Sewaktu saya masih kecil, tiwul menjadi menu jajanan sehari-hari. Tak cuma tiwul, ada juga gatot, gethuk, dan makanan lain yang diolah dari umbi-umbian. Bahkan di beberapa daerah, tiwul menjadi santapan utama.
Namun nasib tiwul sekarang terpinggirkan. Seiring dengan anggapan bahwa mengkonsumsi tiwul berarti dijerat kemiskinan. Makan tiwul berarti tak sejahtera. Anggapan ini muncul seiring dengan upaya pemerintah yang menyeragamkan makanan pokok masyarakt menjadi beras. Bahkan di Sekolah-sekolah diajarkan, lewat ”4 Sehat 5 Sempurna” bahwa makanan pokok adalah nasi. Lambat laut tiwul dan yang lain tergeser hanya jadi makanan penyanding, yang kemudian juga makin terpinggirkan.

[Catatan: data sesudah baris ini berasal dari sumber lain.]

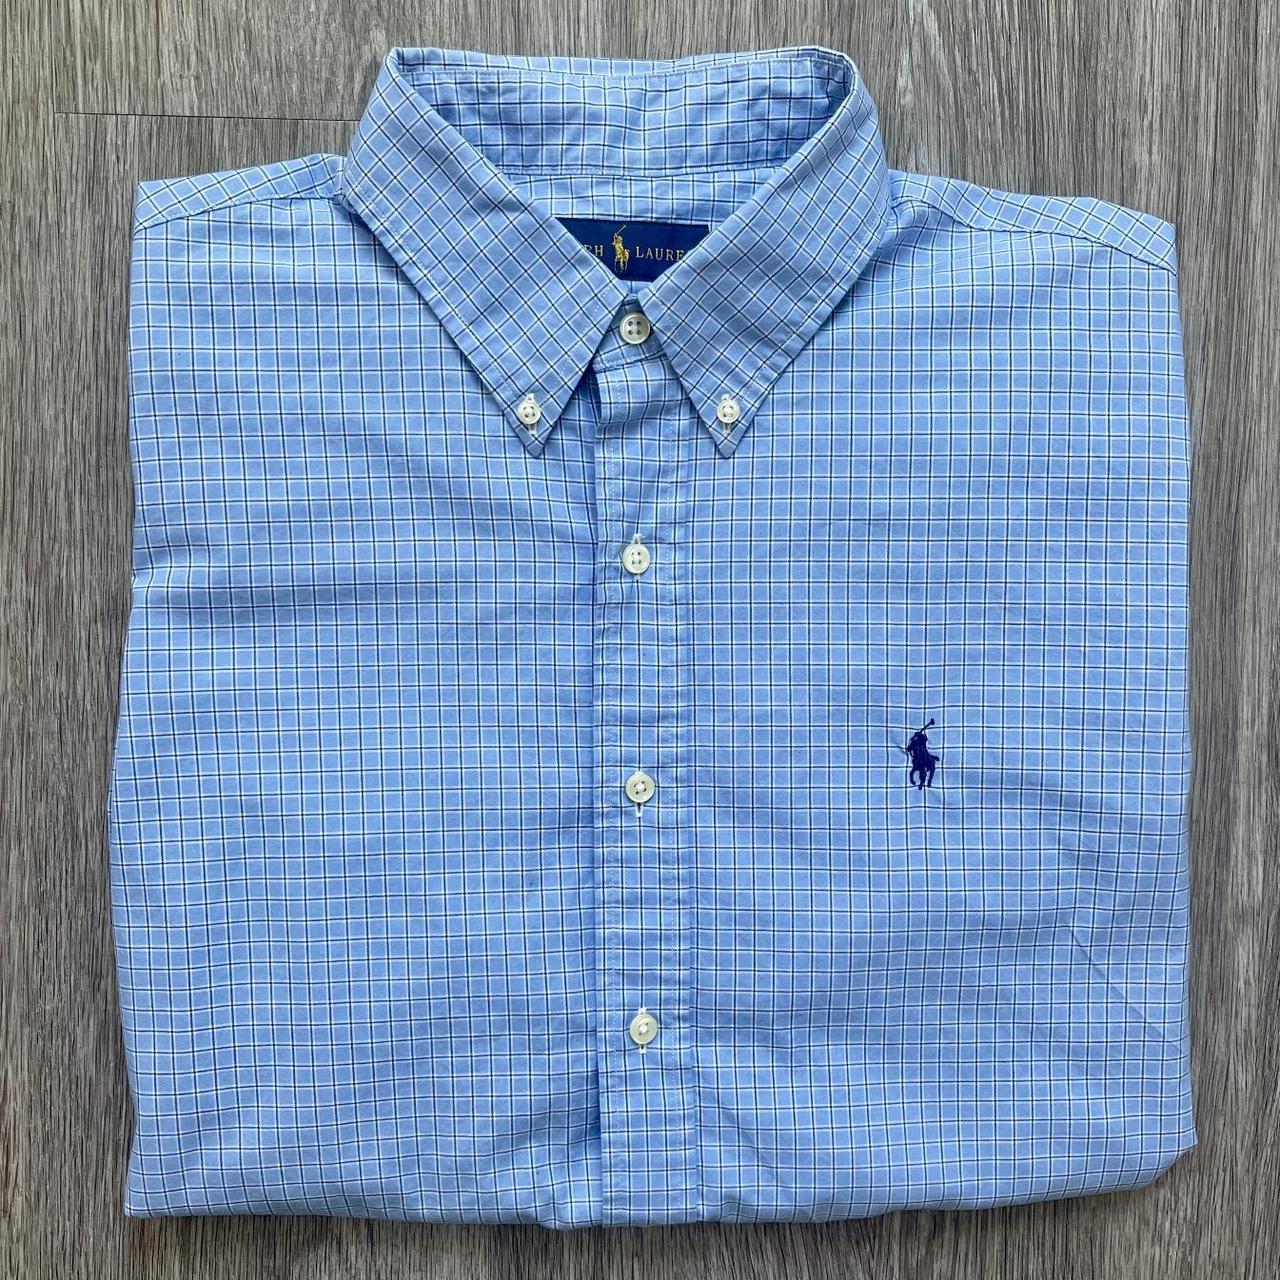 Polo by Ralph Lauren Shirt Long Sleeve Mens Small... - Depop

Kebijakan pemerintah yang mengedepankan beras menjadi satu-satunya makanan pokok dan meminggirkan sumber pangan lokal yang lain, juga turut menghilangkan sumber-sumber pangan lokal. Belum lagi guyuran makanan berbahan berbahan dasar gandum yang masuk hingga ke desa-desa, makin meminggirkan kedigdayaan pangan lokal.
Perlu upaya yang cukup keras untuk kembali memperkenalkan pangan lokal kita yang beranekaragam, sehingga tak melulu bergantung pada beras dan gandum.
Mari kita kenalkan pangan lokal kepada orang-orang di sekitar kita.